§ **DATA EXTRACT**:

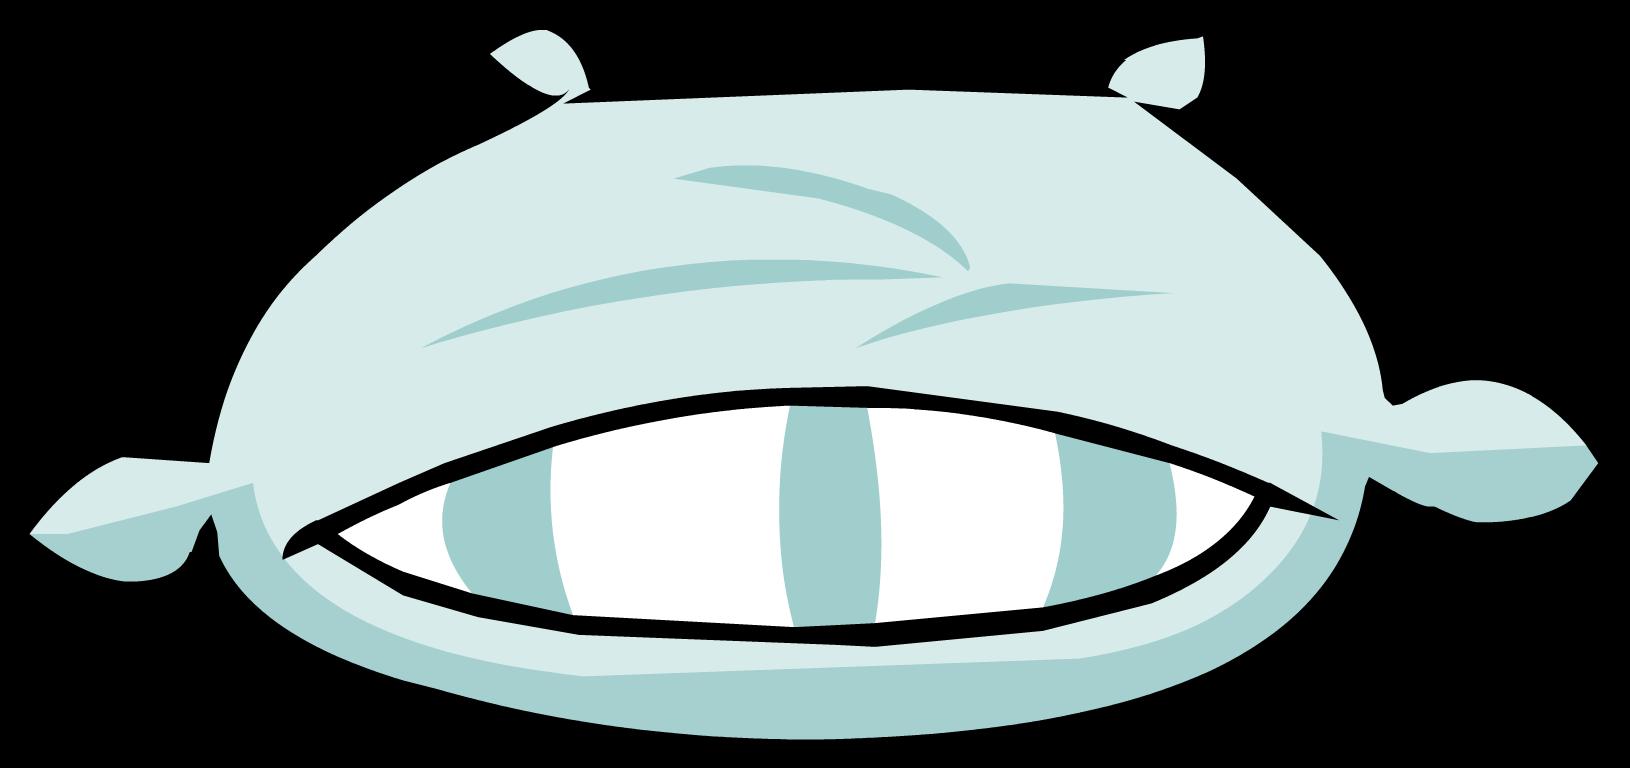 Pillow Club Penguin Wiki Fandom Powered By Wikia
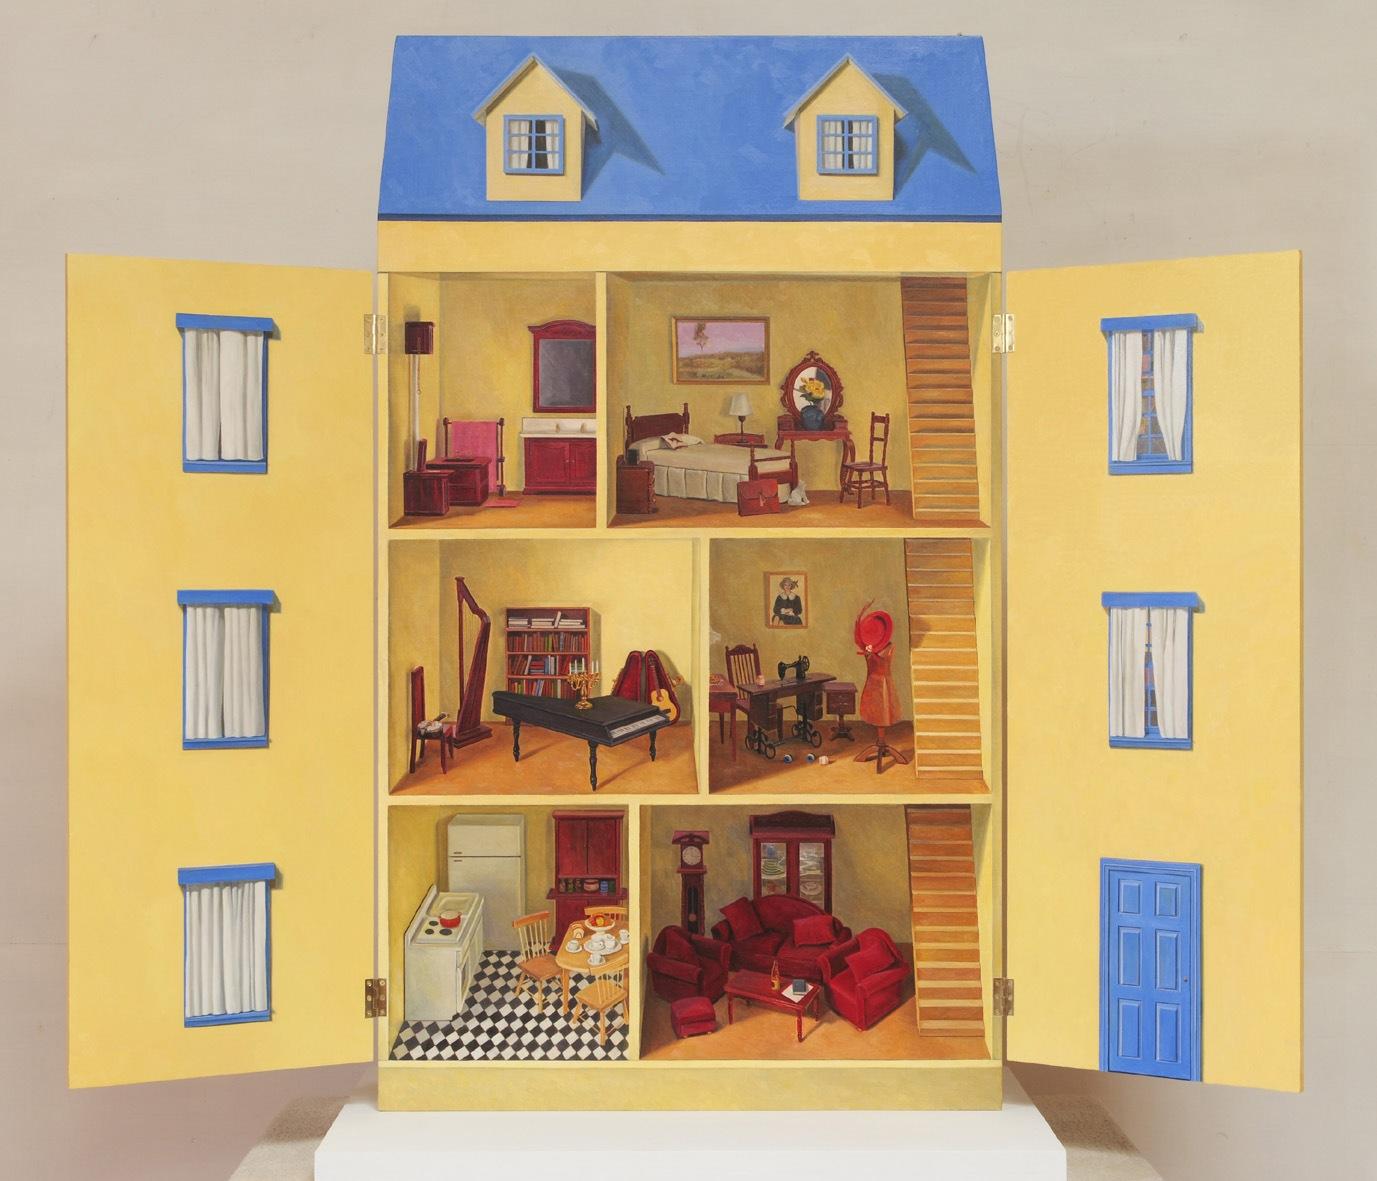 SHANE JONES ART BLOG: Doll's House Painting In Progress
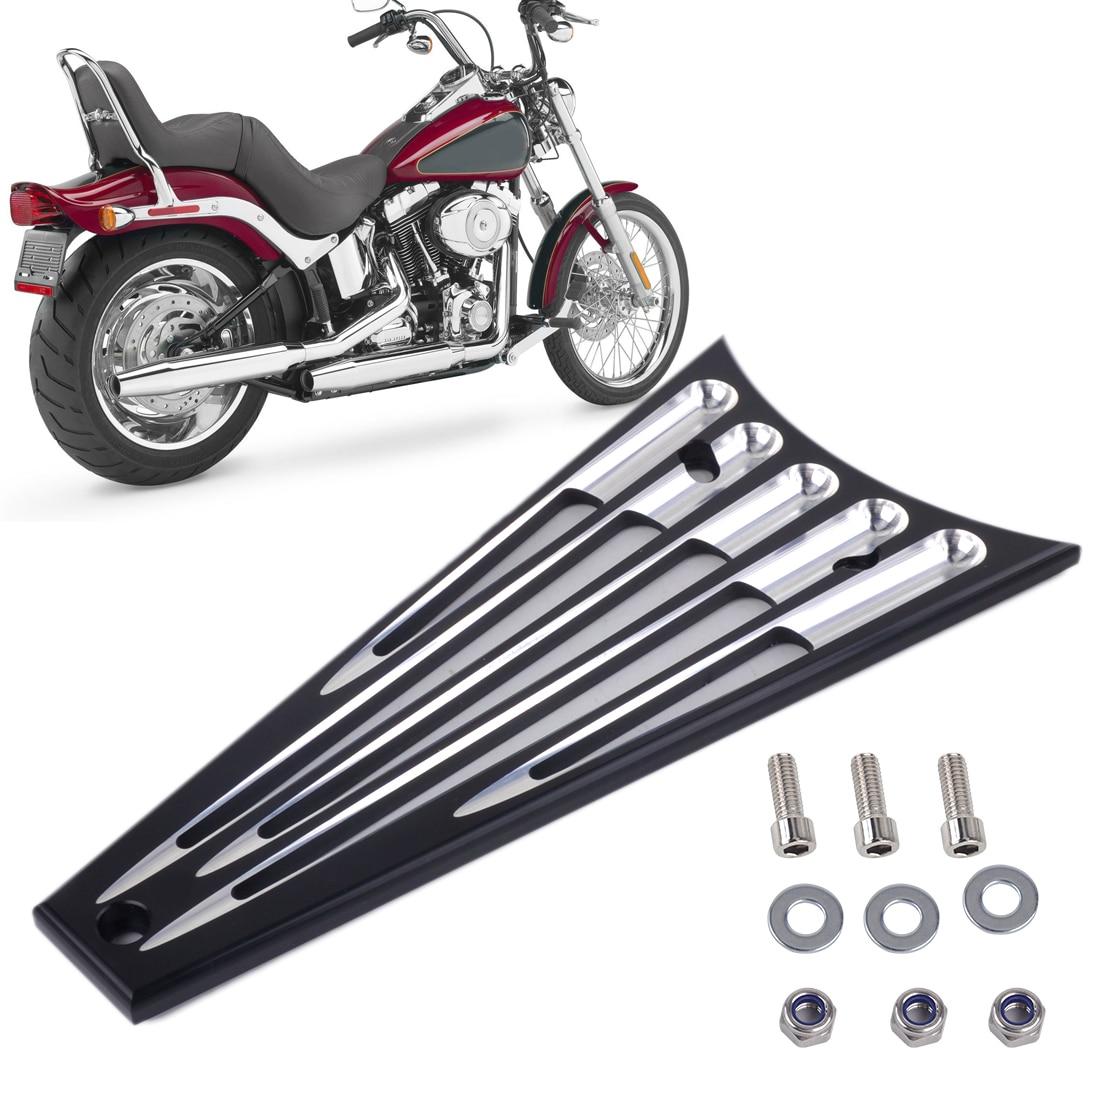 DWCX 6 Columns Billet Deep Cut Frame Grill Fit For Harley Electra Glide Road King Road

§ **WORK REQUIRED**: Write the data above out again exactly, minus its pictures.

§ **EXPECTED OUTPUT**:
 Pillow Club Penguin Wiki Fandom Powered By Wikia
 SHANE JONES ART BLOG: Doll's House Painting In Progress
 DWCX 6 Columns Billet Deep Cut Frame Grill Fit For Harley Electra Glide Road King Road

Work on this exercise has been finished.